A week ago my husband was stuck in traffic for over an hour just to get home from work. Stuck at a place on his commute that is usually only five or so minutes from our driveway. We’re living right on a very busy street that is undergoing a huge overhaul at this very moment.
Being the social media queen that I am, I updated him on all the complaints I was seeing on Facebook and how long other people were stuck and being the comedian he is, he sent me texts asking how long I thought he could live on a half bottle of water and one protein bar.
But he came home smiling (because he has this very positive outlook about how beautiful the roads are going to be when it’s done) and joined us on the front stoop where Brian was in his glory, watching construction vehicles do their thing basically right in our front yard. We laughed over how happy Brian was with the whole ordeal when the rest of the world (or our little corner of the world) was not very happy. I filmed Brian flapping and laughing and jumping with joy.
And then I shared it along with the caption: “I’m sorry to everyone who is completely annoyed by the cluster this construction is making….but it sure is making one autistic boy very happy that he can sit right on his doorstep and watch bulldozers and dump trucks.”
I sent it along to the “Thomaston Rte 1 Project“, thanking them for making our little boy very happy. I figured in a sea of complaints, they deserved to see someone happy. I figured it was a very thankless job that the construction workers were undertaking.
It was only a day later that Audrey Lovering wrote me back that she had shared it with the construction crew and they were so touched that they wanted to meet Brian and make him an honorary Lane Construction team member.
Last night among family and friends, we brought Brian to the construction site to meet several Lane Construction employees. One of the employees had called me a few days prior really wanting to know about Brian and his autism and what to expect. They really went out of their way to understand him and I warned them that the whole meeting may be overwhelming and though he loves to watch the trucks, he may be a little scared to actually go in one.
They had a bag full of goodies for Brian, complete with all the construction gear he would need to be a team member. They even gave him his own hard hat with his name on it.
They asked him if he wanted to ride in the water truck. All week we’d been reading a social story I had made him about seeing and riding in the water truck. At home, he had told me he wanted to ride in the truck. But at the site, after seeing it, he clearly said, “No, thanks!”.
We all laughed and the team asked if he wanted to see it go and spray water. He was okay with that option. A team member drove it up and down the road, spraying water, making most of us wish we had rolled up the windows in our car. But really not caring, after watching Brian flap and jump and laugh.
The Lane Construction men were so patient with Brain, clearly heeding what I had said in our conversations over Facebook and on the phone. Eventually Brian got in the water truck while it was parked and operated the lever that made the water spray and figured out the horn. After that, there was no stopping him from climbing in to spray the water. He ran around in euphoria watching the water flow from the water truck. Brian’s three biggest loves (perseverations) are vehicles, water, and zoo animals. All we needed was a zebra and it would’ve been the perfect trifecta.
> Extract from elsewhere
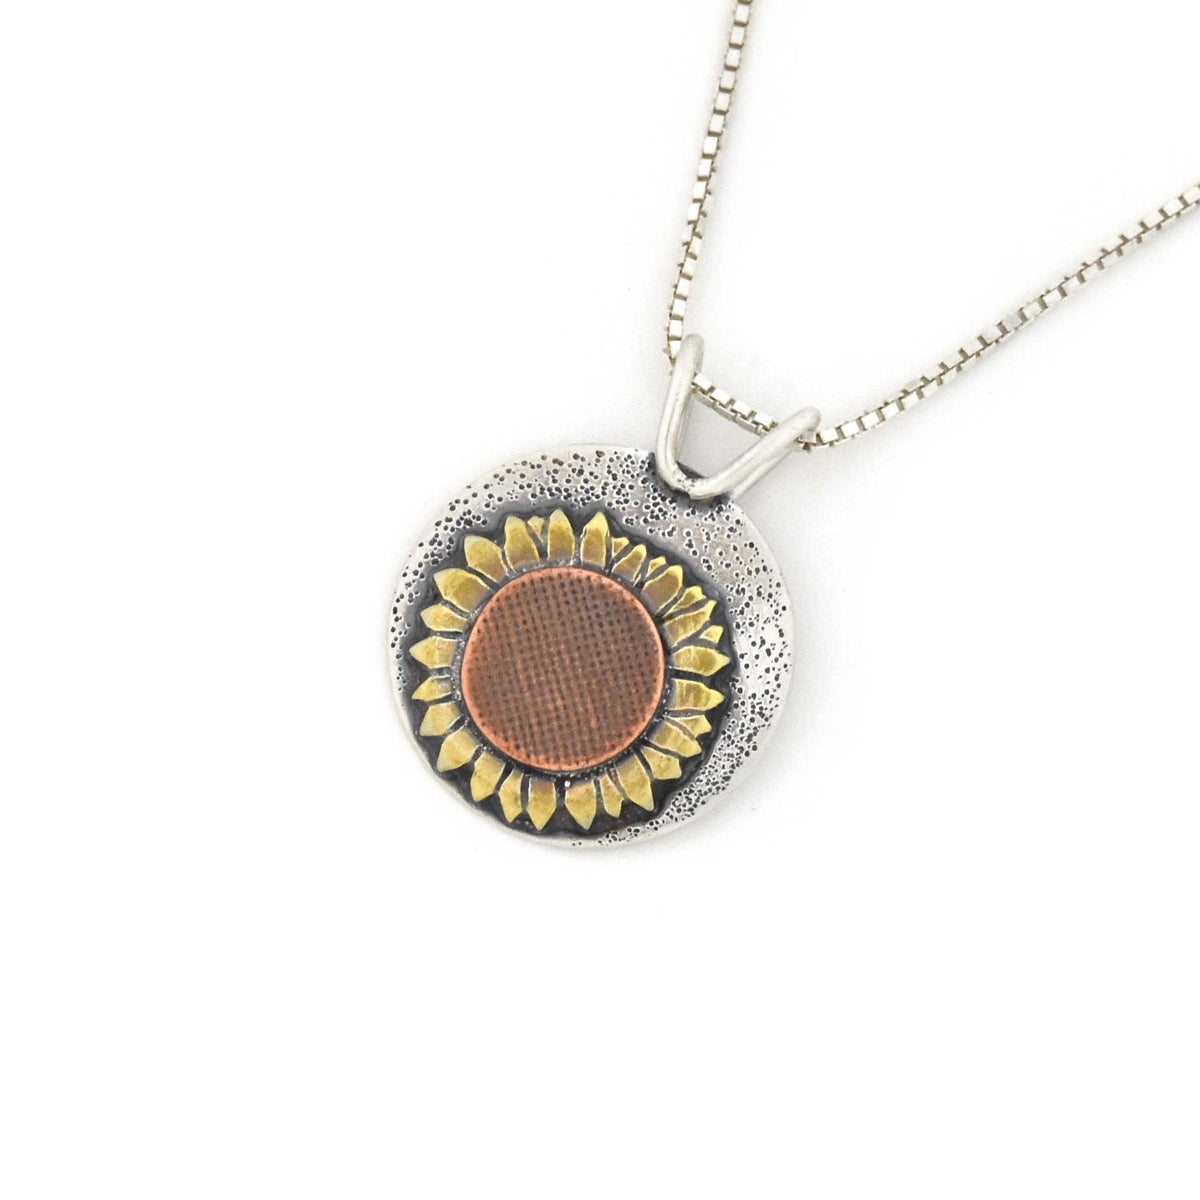 Sunflower Pendant - Mixed Metal Pendant   5640 - handmade by Beth Millner Jewelry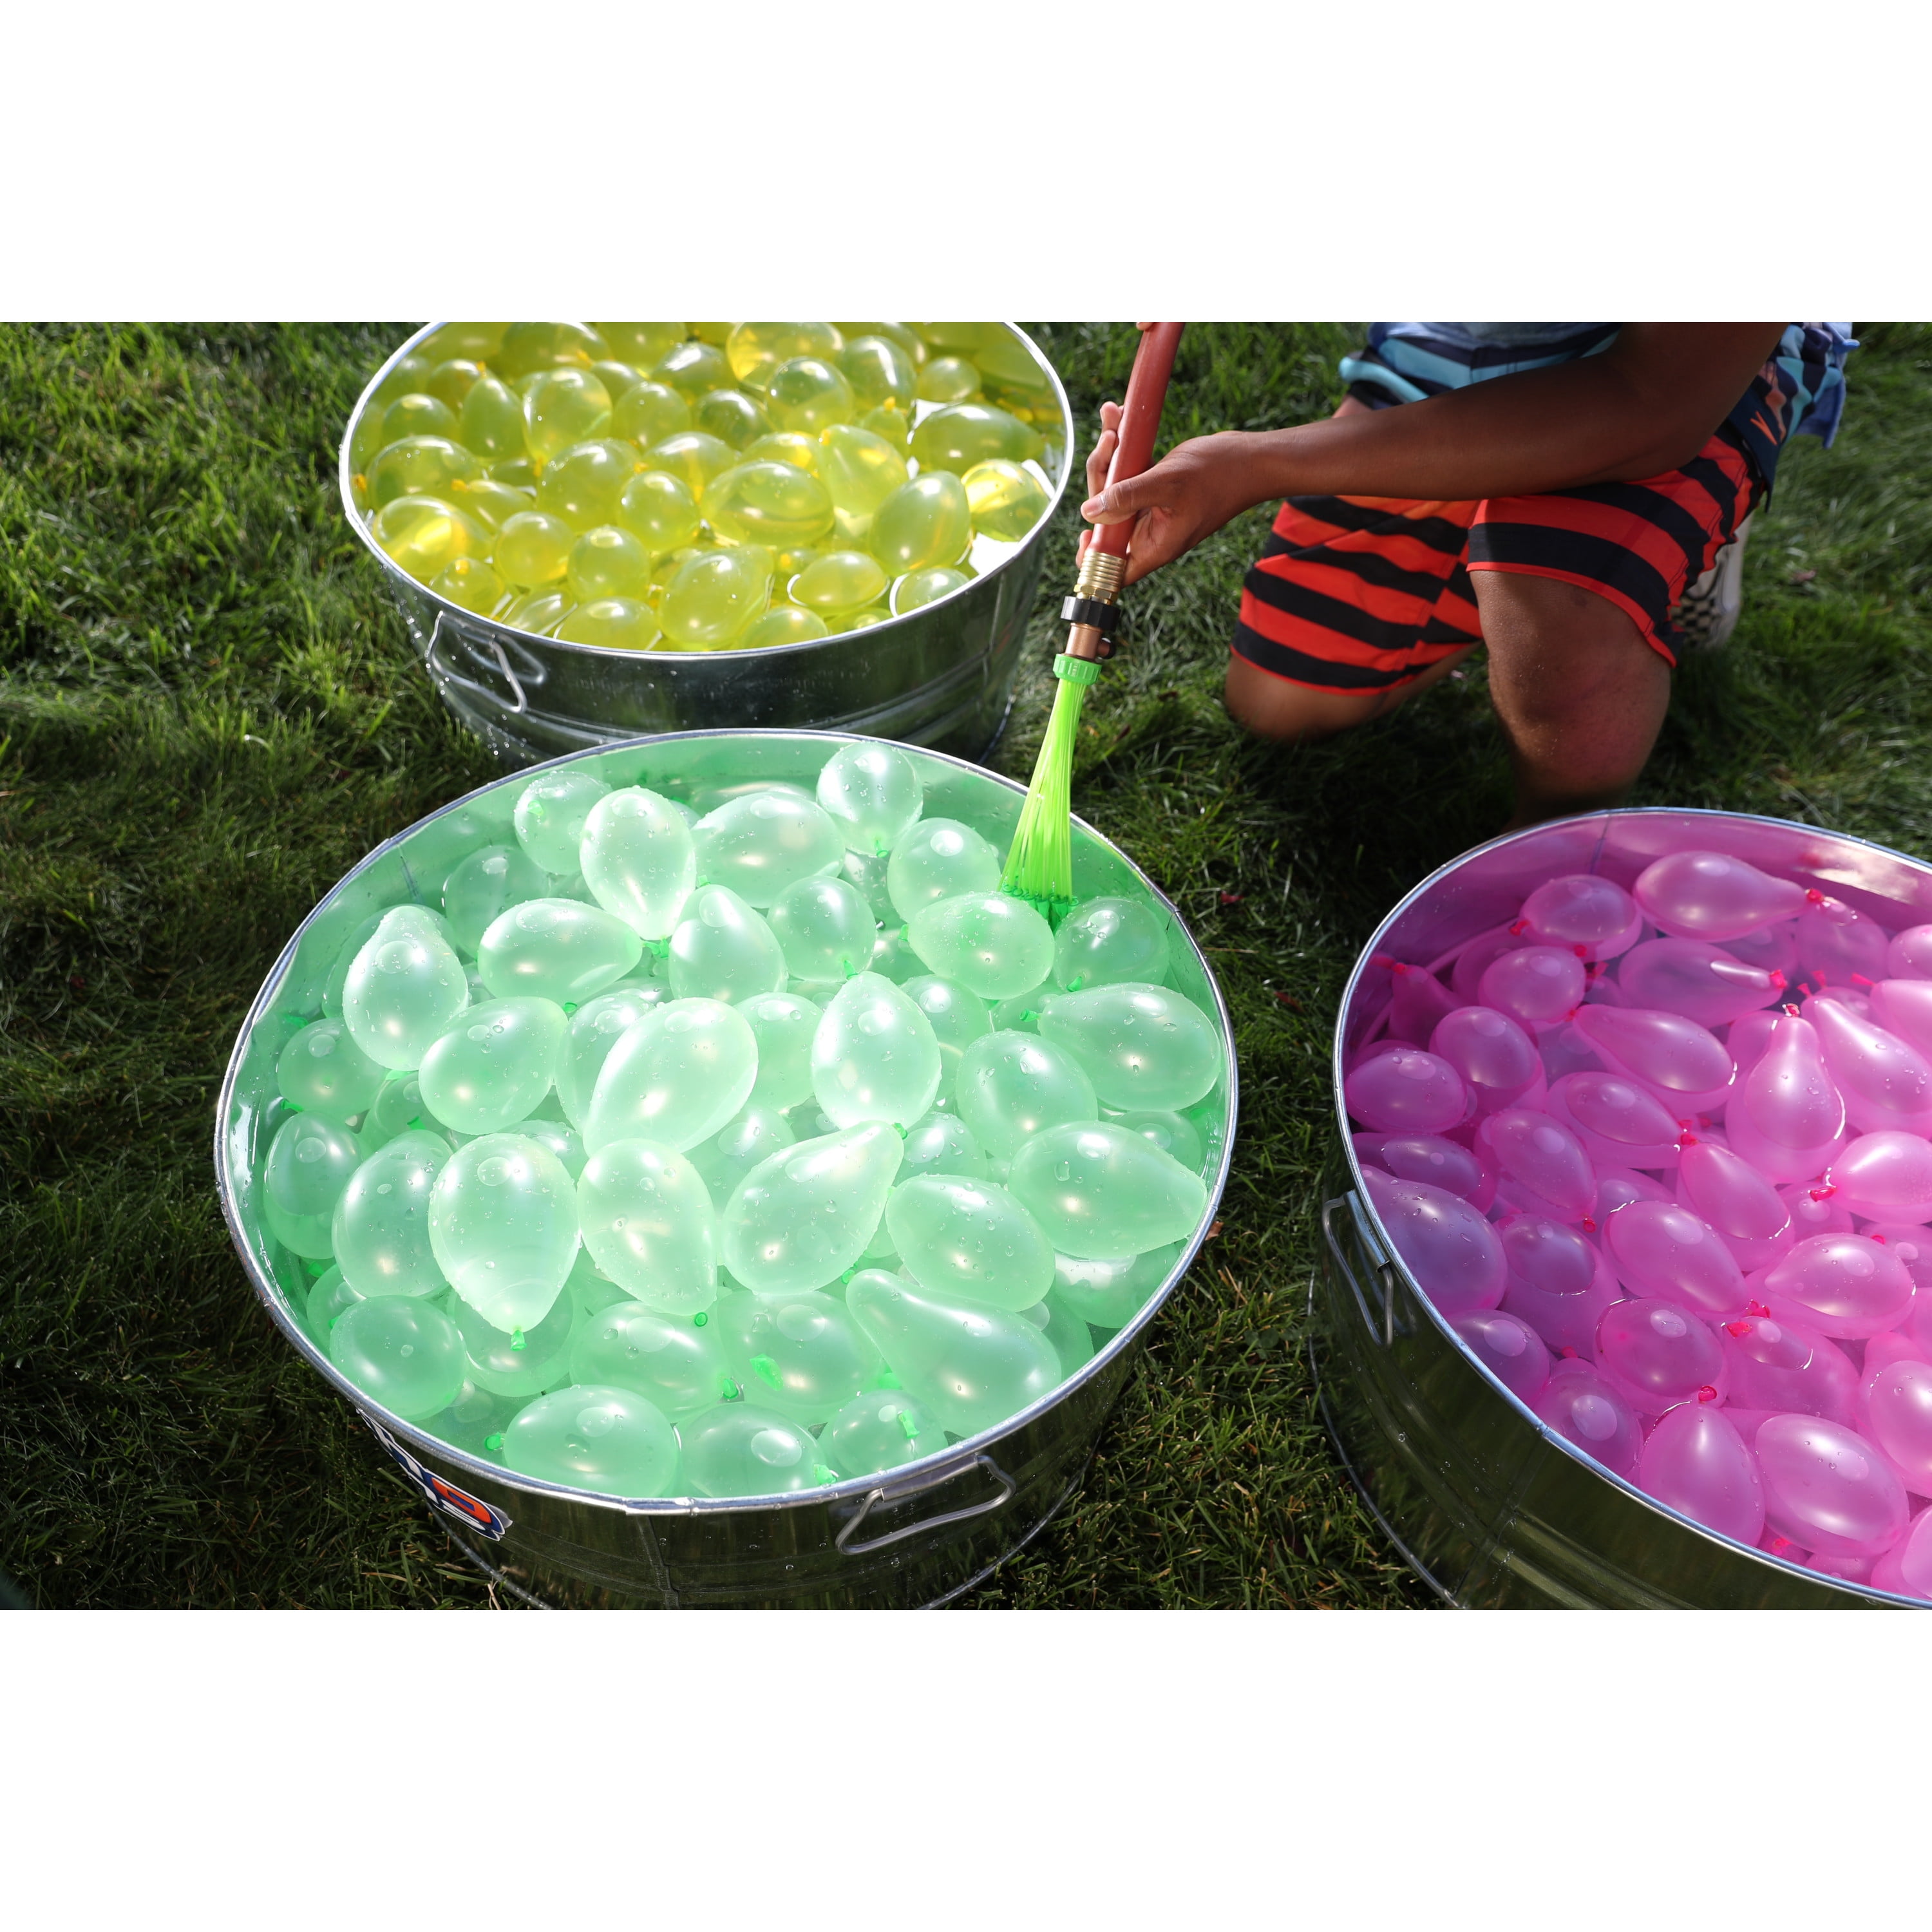 Bunch O Balloons: 100 Rapid-Filling, Self-Sealing Water Grenades

They had several other parked construction vehicles that Brian loudly said, “No, thanks!” about climbing in. But again, the team was so great and so patient and they waited him out. And then, when he was ready and comfortable, he climbed into each (parked and not running) with the best grin on his face.
At some point, I figured we’d get some bored and tired team members. It’s hard if you’re not around autism every day to really grasp it and understand it. I wasn’t sure if this was more about positive publicity (which is good too, I think the construction workers deserve a break) than providing Brian with an amazing evening. But we never hit that roadblock. It was clear, minutes in to the evening, that this was truly about Brian. Every person there was so genuininely happy to just be there and to watch Brian. No one was on a time schedule and they bent over backwards to make sure it was all about Brian and did whatever it took to make him happy.
I blog and share a lot about the tribulations of autism. Brian doesn’t get to enjoy those moments that most families take for granted- joining a sports team, getting invited to birthday parties, sleepovers, riding a bike without his Mom, and so forth. So a moment like this means the world to our family. Seeing Brian noticed and honored for who he is, means everything.
Who would’ve thought, us sending a simple thank you to the construction workers, would lead to them giving Brian the best “thank you” we could’ve ever dreamed for. Brian’s smile clearly says it all.